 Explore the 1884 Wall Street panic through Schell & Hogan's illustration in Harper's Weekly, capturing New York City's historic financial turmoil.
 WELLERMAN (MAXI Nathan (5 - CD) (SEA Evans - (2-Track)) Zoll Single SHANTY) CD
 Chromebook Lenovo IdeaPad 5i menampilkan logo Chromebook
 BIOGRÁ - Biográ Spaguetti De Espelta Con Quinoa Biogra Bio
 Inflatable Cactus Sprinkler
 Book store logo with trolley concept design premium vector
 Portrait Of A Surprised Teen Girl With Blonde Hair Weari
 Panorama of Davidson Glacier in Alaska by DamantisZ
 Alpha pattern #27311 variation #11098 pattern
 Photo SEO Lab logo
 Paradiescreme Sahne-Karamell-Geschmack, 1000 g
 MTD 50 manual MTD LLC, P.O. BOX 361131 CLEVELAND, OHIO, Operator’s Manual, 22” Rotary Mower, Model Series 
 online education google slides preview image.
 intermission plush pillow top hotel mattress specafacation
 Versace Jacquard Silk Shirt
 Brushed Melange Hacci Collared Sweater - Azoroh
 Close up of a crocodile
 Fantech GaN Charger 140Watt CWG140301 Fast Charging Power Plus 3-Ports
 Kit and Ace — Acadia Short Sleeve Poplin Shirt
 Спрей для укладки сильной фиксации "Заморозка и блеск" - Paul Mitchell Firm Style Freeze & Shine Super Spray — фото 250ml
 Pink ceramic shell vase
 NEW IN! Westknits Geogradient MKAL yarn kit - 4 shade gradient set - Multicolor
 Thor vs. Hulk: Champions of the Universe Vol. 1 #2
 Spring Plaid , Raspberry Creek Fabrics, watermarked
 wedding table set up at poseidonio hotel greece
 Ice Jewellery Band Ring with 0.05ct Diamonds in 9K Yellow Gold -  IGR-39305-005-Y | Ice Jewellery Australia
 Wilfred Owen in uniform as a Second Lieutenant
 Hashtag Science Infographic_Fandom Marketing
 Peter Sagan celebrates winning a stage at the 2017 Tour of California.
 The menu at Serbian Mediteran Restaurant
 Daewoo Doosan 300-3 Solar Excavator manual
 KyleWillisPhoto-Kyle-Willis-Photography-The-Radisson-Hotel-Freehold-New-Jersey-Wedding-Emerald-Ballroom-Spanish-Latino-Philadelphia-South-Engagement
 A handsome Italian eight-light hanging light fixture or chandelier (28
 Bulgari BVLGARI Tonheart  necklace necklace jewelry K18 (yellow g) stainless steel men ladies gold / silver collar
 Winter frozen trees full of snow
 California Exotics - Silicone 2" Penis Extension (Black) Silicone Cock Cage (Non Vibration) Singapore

* TASK STATEMENT
Beginning at the line that holds "Daewoo Doosan 300-3 Solar Excavator manual", reproduce the lines exactly up to and including the final line of the entries.

* EXERCISE ANSWER
 Daewoo Doosan 300-3 Solar Excavator manual
 KyleWillisPhoto-Kyle-Willis-Photography-The-Radisson-Hotel-Freehold-New-Jersey-Wedding-Emerald-Ballroom-Spanish-Latino-Philadelphia-South-Engagement
 A handsome Italian eight-light hanging light fixture or chandelier (28
 Bulgari BVLGARI Tonheart  necklace necklace jewelry K18 (yellow g) stainless steel men ladies gold / silver collar
 Winter frozen trees full of snow
 California Exotics - Silicone 2" Penis Extension (Black) Silicone Cock Cage (Non Vibration) Singapore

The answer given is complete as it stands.